Tensor Engine (ML Data Loading)

Key Semantics: When storing tensors, the first parameter is a key prefix, not a full key. Elements are stored with auto-generated keys. When loading, use glob patterns to retrieve all elements.

from synadb import TensorEngine
import numpy as np

engine = TensorEngine("training.db")

# Store training data (prefix generates keys: train/X/0000, train/X/0001, ...)
X_train = np.random.randn(10000, 784).astype(np.float32)
engine.put_tensor("train/X/", X_train)  # Note: prefix ends with /

# Load as tensor (pattern matching with glob)
X = engine.get_tensor("train/X/*", dtype=np.float32, shape=(10000, 784))

# For large tensors, use chunked storage (more efficient)
engine.put_tensor_chunked("train/large/", large_tensor, chunk_size=10000)
X = engine.get_tensor_chunked("train/large/chunk_*")

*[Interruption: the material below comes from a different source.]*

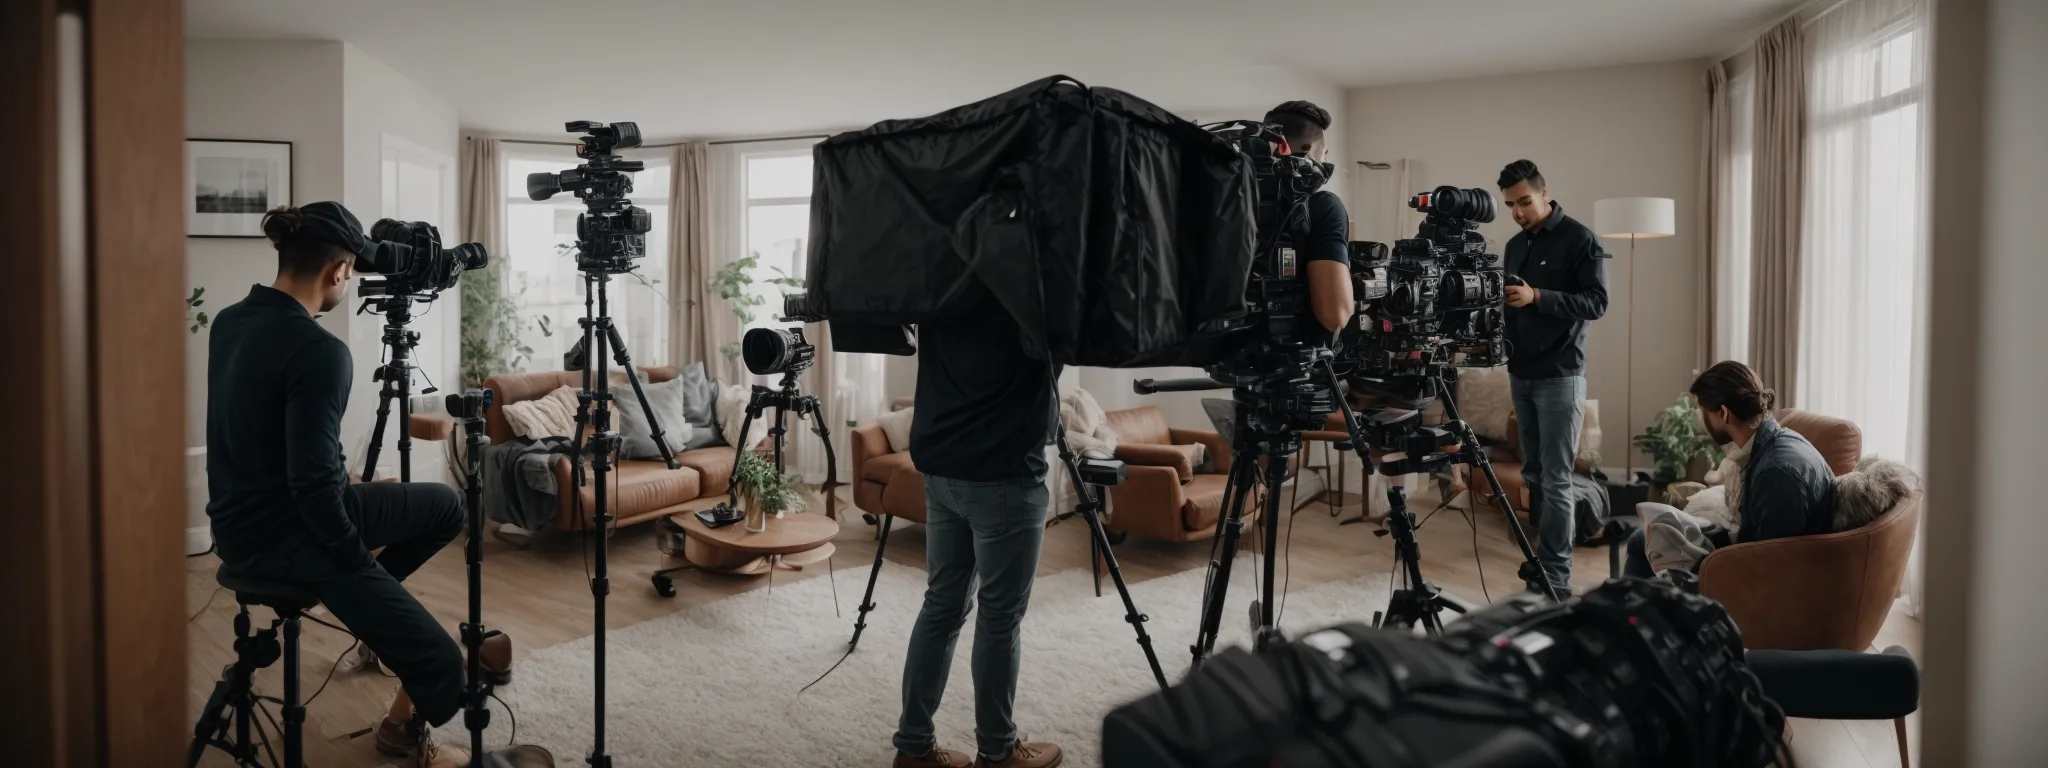 a production team setting up professional filming equipment inside a modern living room for a high-quality video shoot.

# Stream in batches for training
for batch in engine.stream("train/X/*", batch_size=32):
    model.train_step(batch)

Model Registry

from synadb import ModelRegistry

registry = ModelRegistry("models.db")

# Save model with metadata (auto-versions, returns ModelVersion)
model_bytes = open("model.pt", "rb").read()
version = registry.save("classifier", model_bytes, {"accuracy": "0.95"})
print(f"Saved v{version.version}, checksum: {version.checksum}")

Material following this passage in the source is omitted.